To: longnshort who wrote (41768)3/9/2010 10:40:44 AM
From: DuckTapeSunroof  Respond to of 71588
 
U.S. Hopes Exports Will Help Open Closed Societies

By MARK LANDLER
March 7, 2010
nytimes.com

WASHINGTON — Seeking to exploit the Internet’s potential for prying open closed societies, the Obama administration will permit technology companies to export online services like instant messaging, chat and photo sharing to Iran, Cuba and Sudan, a senior administration official said Sunday.

On Monday, he said, the Treasury Department will issue a general license for the export of free personal Internet services and software geared toward the populations in all three countries, allowing Microsoft, Yahoo and other providers to get around strict export restrictions.

The companies had resisted offering such services for fear of violating existing sanctions. But there have been growing calls in Congress and elsewhere to lift the restrictions, particularly after the postelection protests in Iran illustrated the power of Internet-based services like Facebook and Twitter.

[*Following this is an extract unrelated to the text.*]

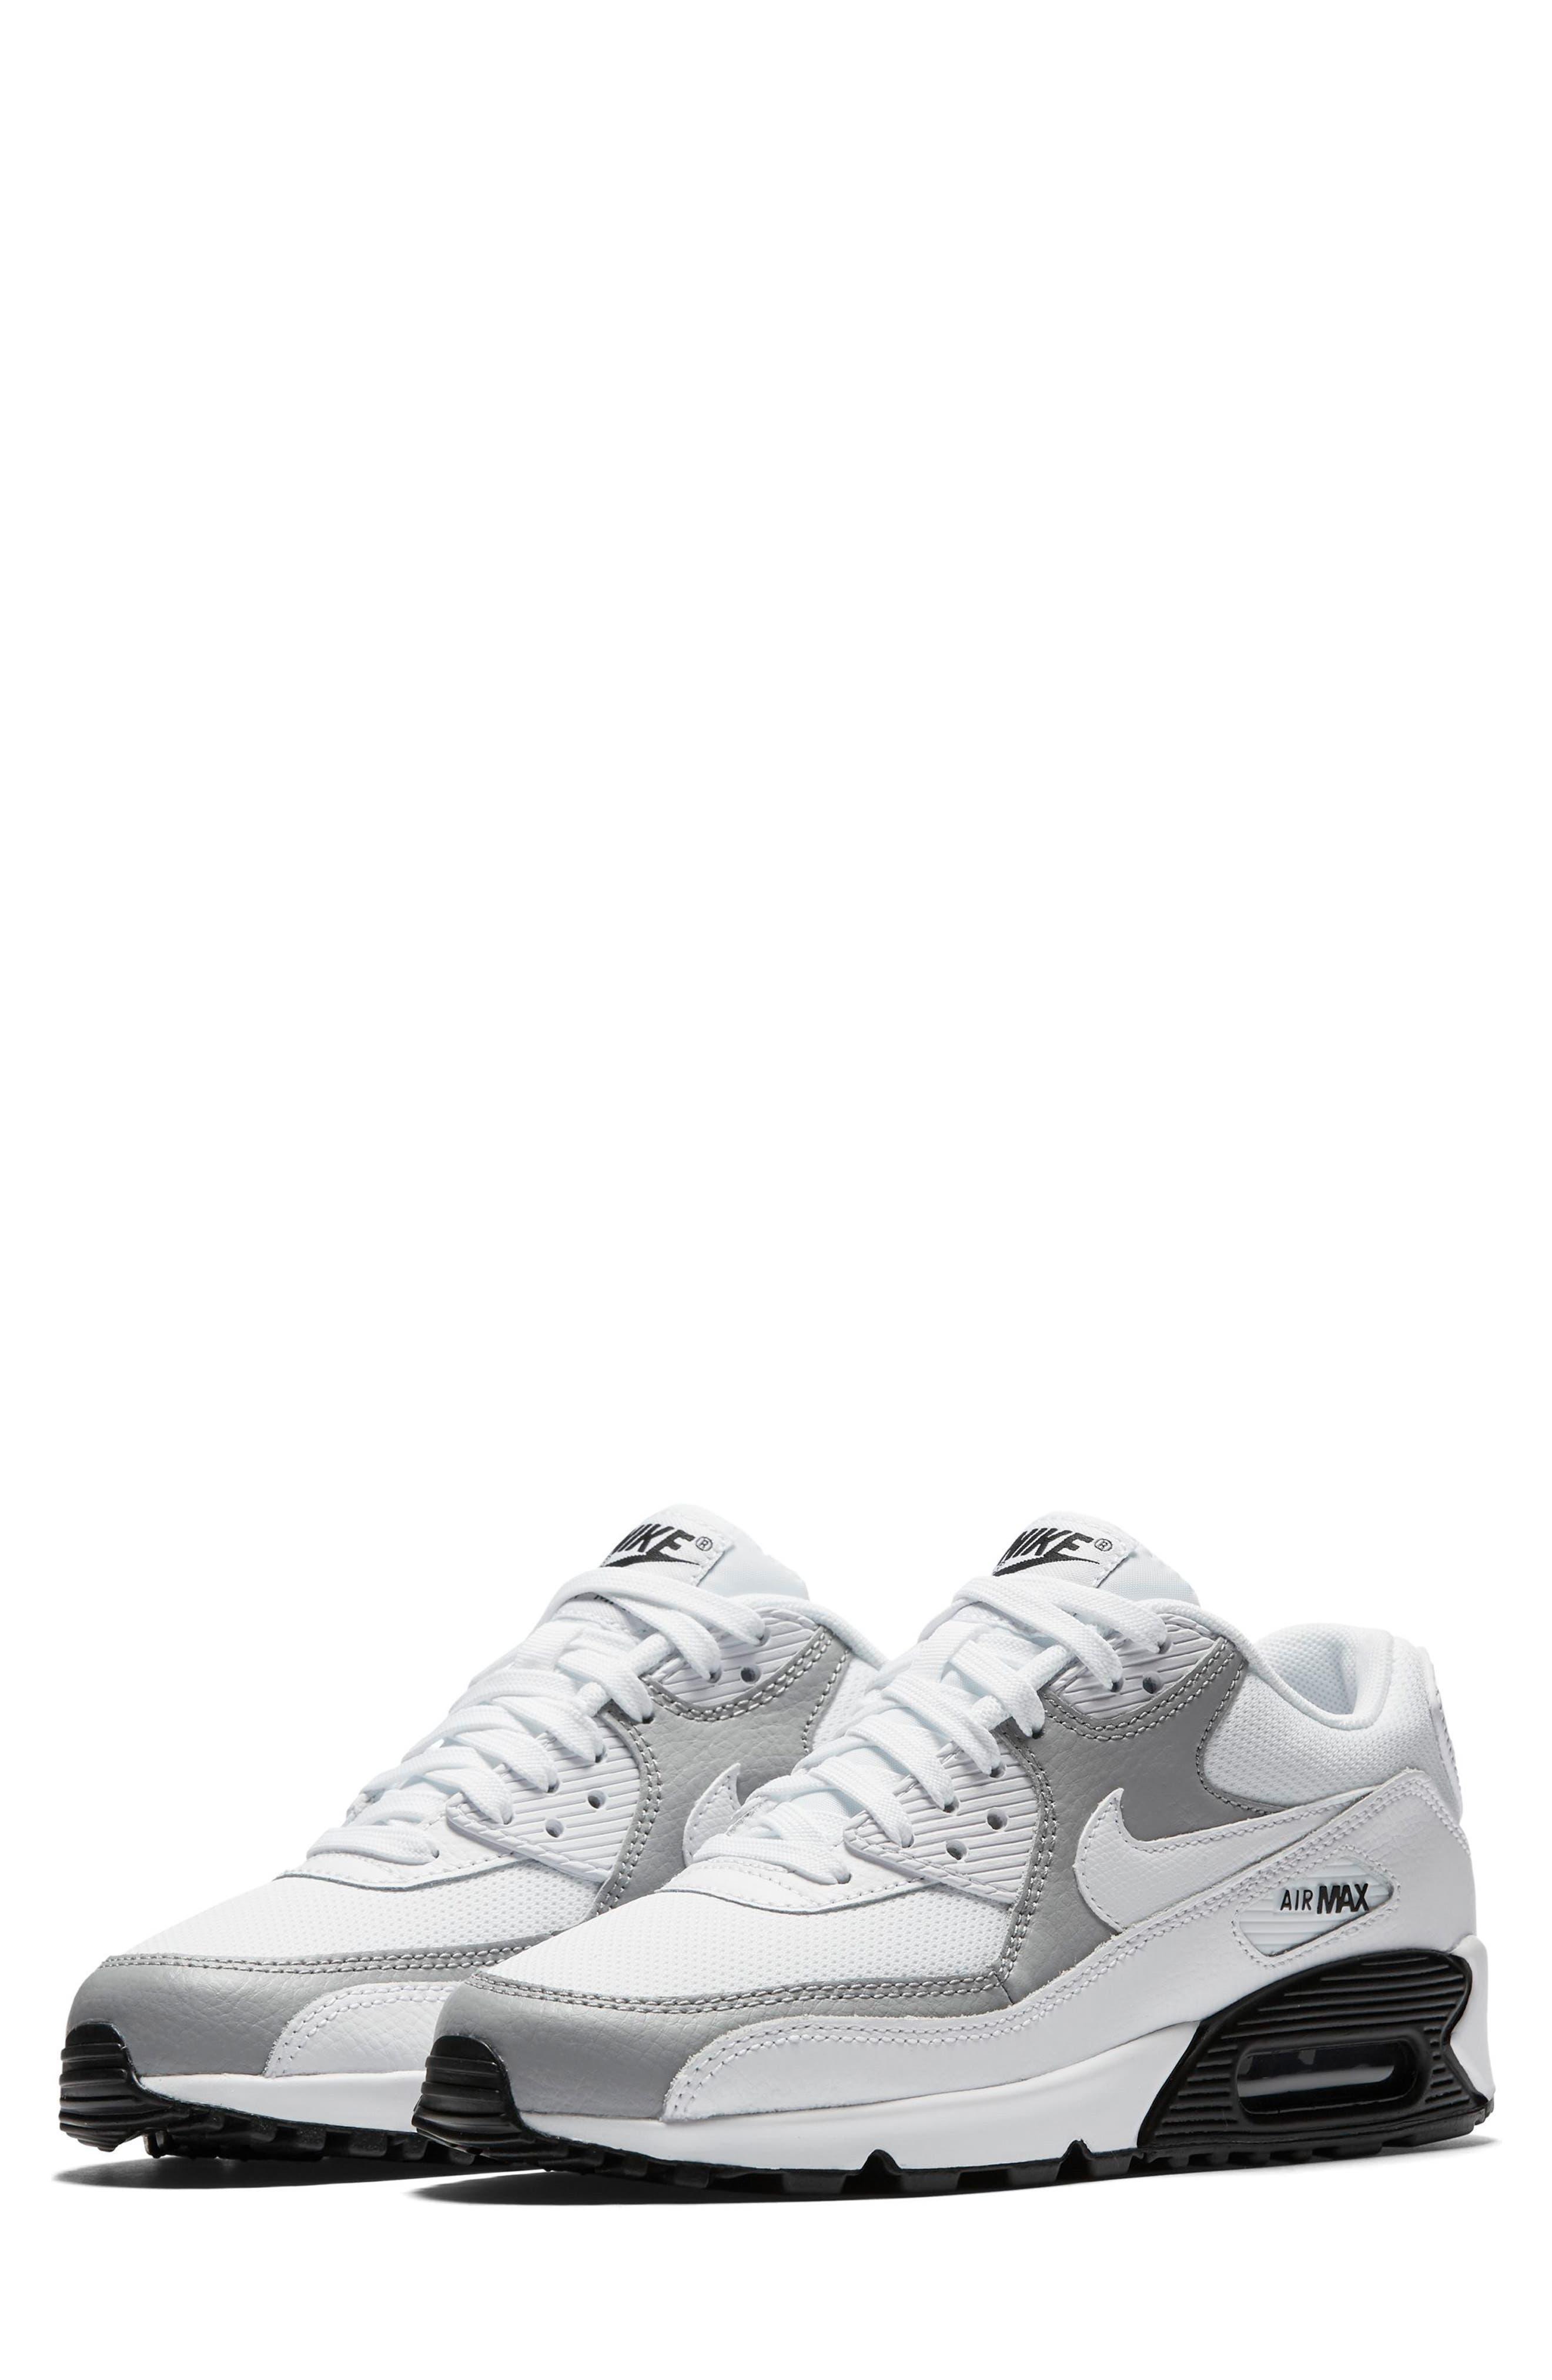 Alternate Image 1 Selected - Nike Air Max 90 Sneaker (Women)

“The more people have access to a range of Internet technology and services, the harder it’s going to be for the Iranian government to clamp down on their speech and free expression,” said the official, who spoke on condition of anonymity because the announcement had not been made yet.

The decision, which had been expected, underscores the complexity of dealing with politically repressive governments in the digital age: even as the Obama administration is opening up trade in Internet services to Iran, it is shaping harsh new sanctions that would crack down on Iranian access to financing and technology that could help Iran’s nuclear and missile programs.

Critics have said these sanctions are leaky and ineffective, and some say it makes more sense to spread digital technology, which makes it harder for governments to restrict the flow of information within societies, and to prevent their people from contact with the outside world.

The Treasury Department’s action follows a recommendation by the State Department in mid-December that the Office of Foreign Assets Control, which is run by the Treasury, authorize the downloading of “free mass-market software” in Iran by Microsoft, Google and other companies.

In a speech in January, Secretary of State Hillary Rodham Clinton declared that Internet freedom had become a fundamental principle of American foreign policy. “Viral videos and blog posts are becoming the samizdat of our day,” she said, referring to censored publications that were passed around in Soviet-era Russia and helped fuel the dissident movement.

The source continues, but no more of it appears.